**Work item**. Your task is to repeat exactly the lines below between the line holding "Hamilton Beach 840071000" and the line holding "International Karate - The Map", inclusive, and only those.
───── Supplied entries
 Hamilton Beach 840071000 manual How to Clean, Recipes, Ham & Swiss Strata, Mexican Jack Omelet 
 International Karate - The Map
──────────
───── Supplied entries
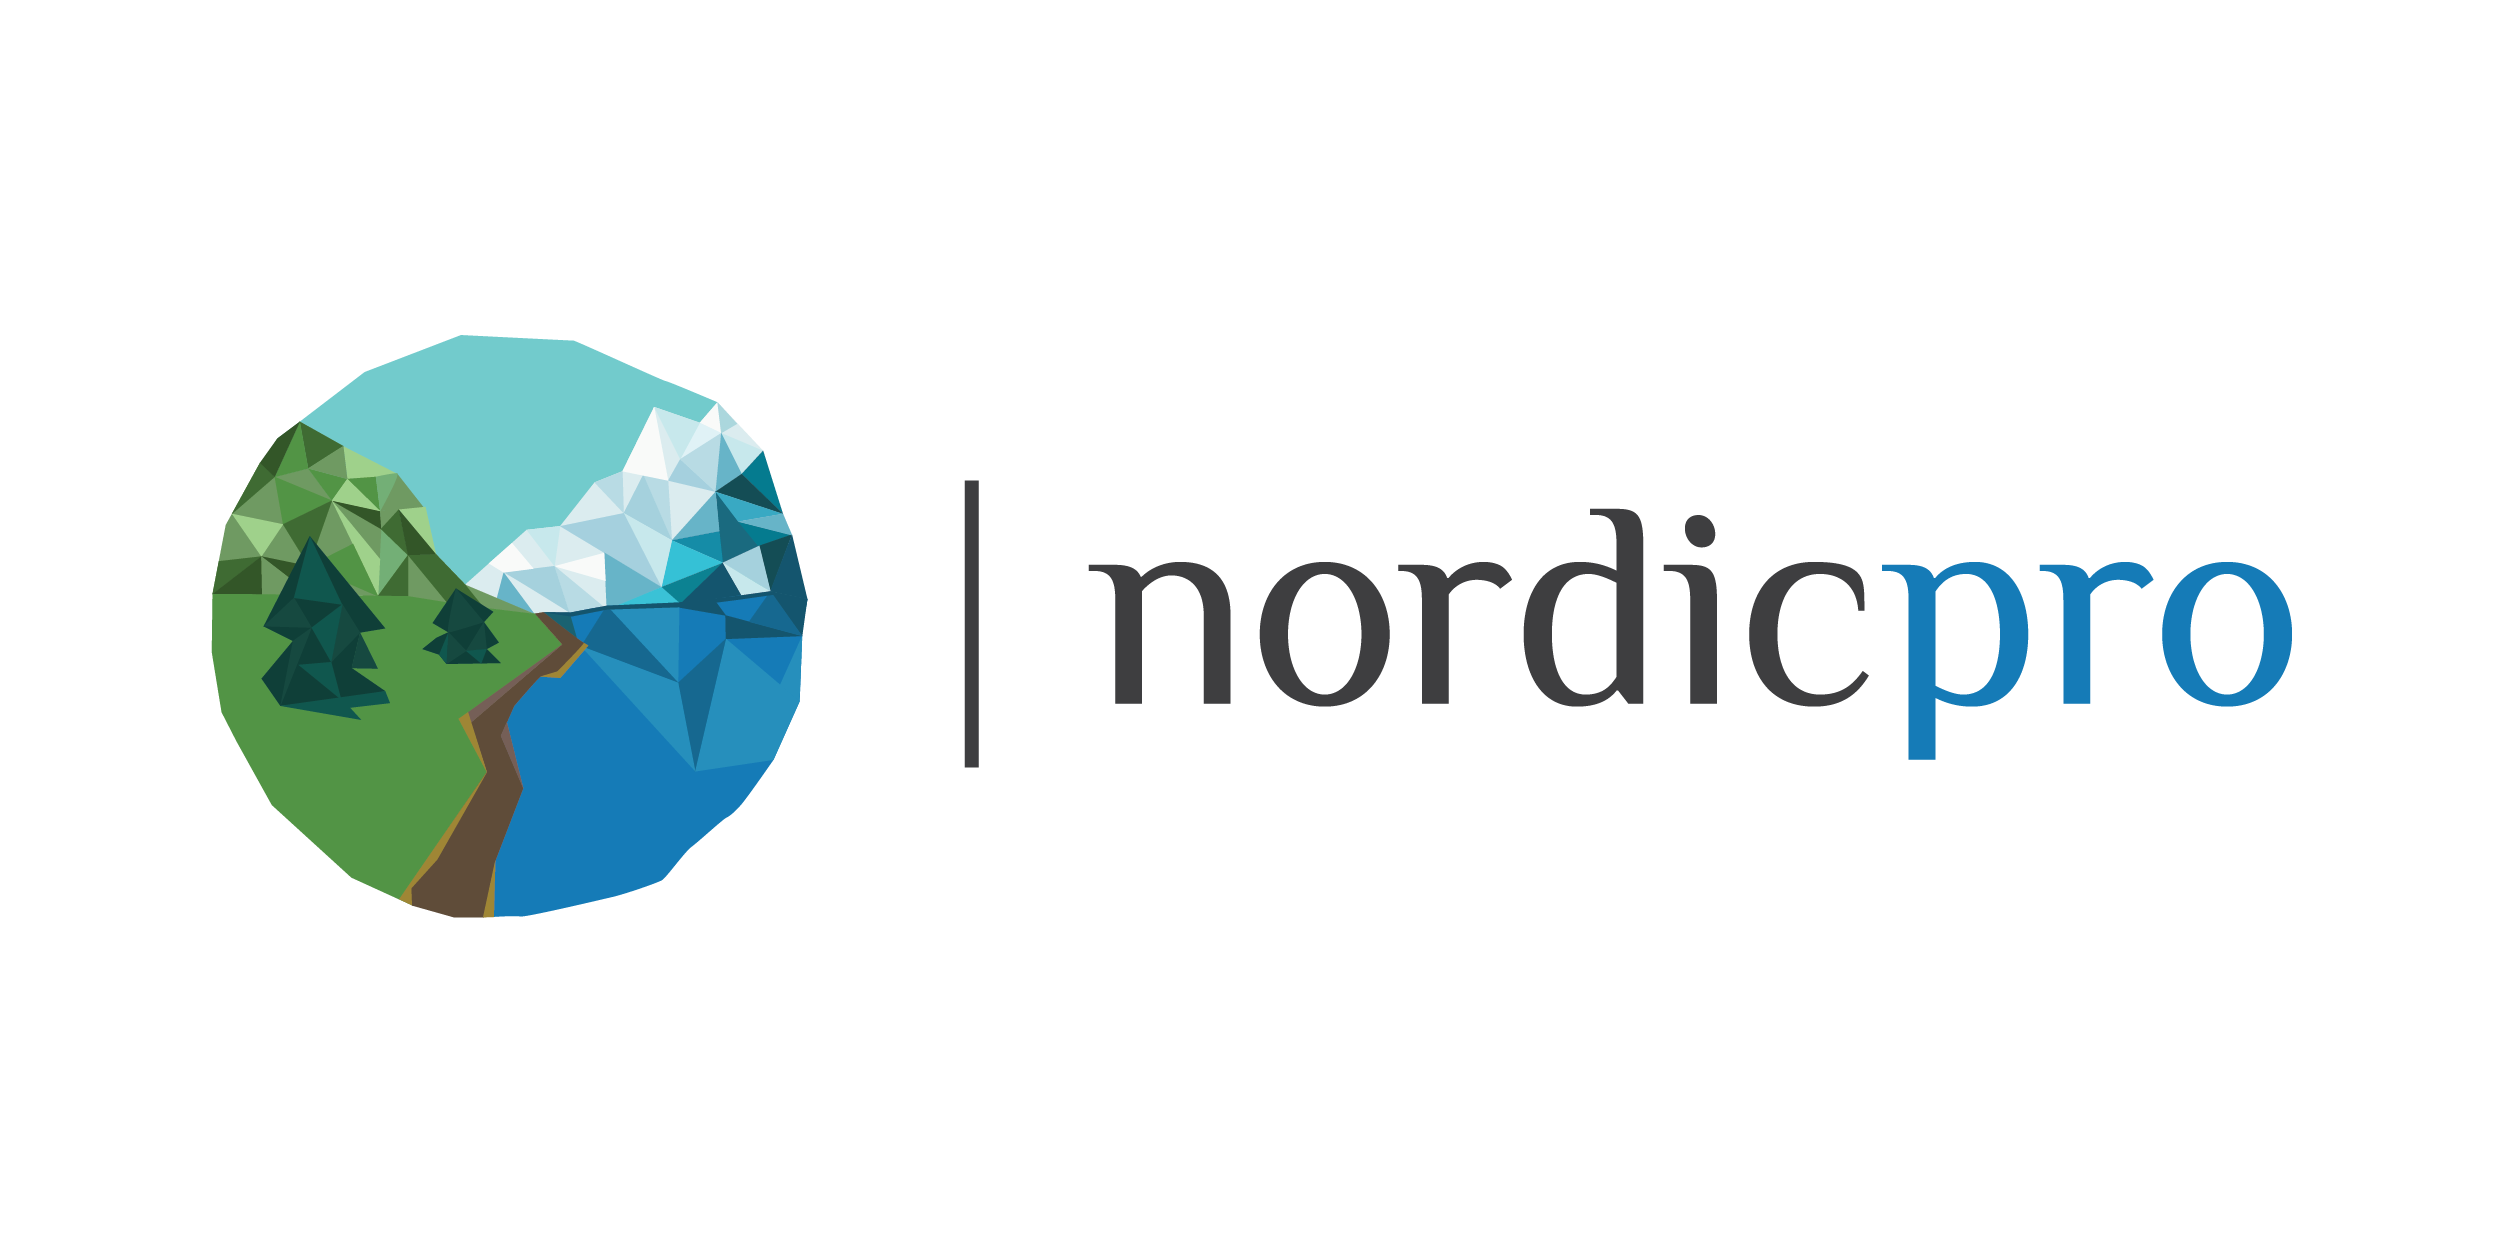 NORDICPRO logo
──────────
**Output of the task**.
 Hamilton Beach 840071000 manual How to Clean, Recipes, Ham & Swiss Strata, Mexican Jack Omelet 
 International Karate - The Map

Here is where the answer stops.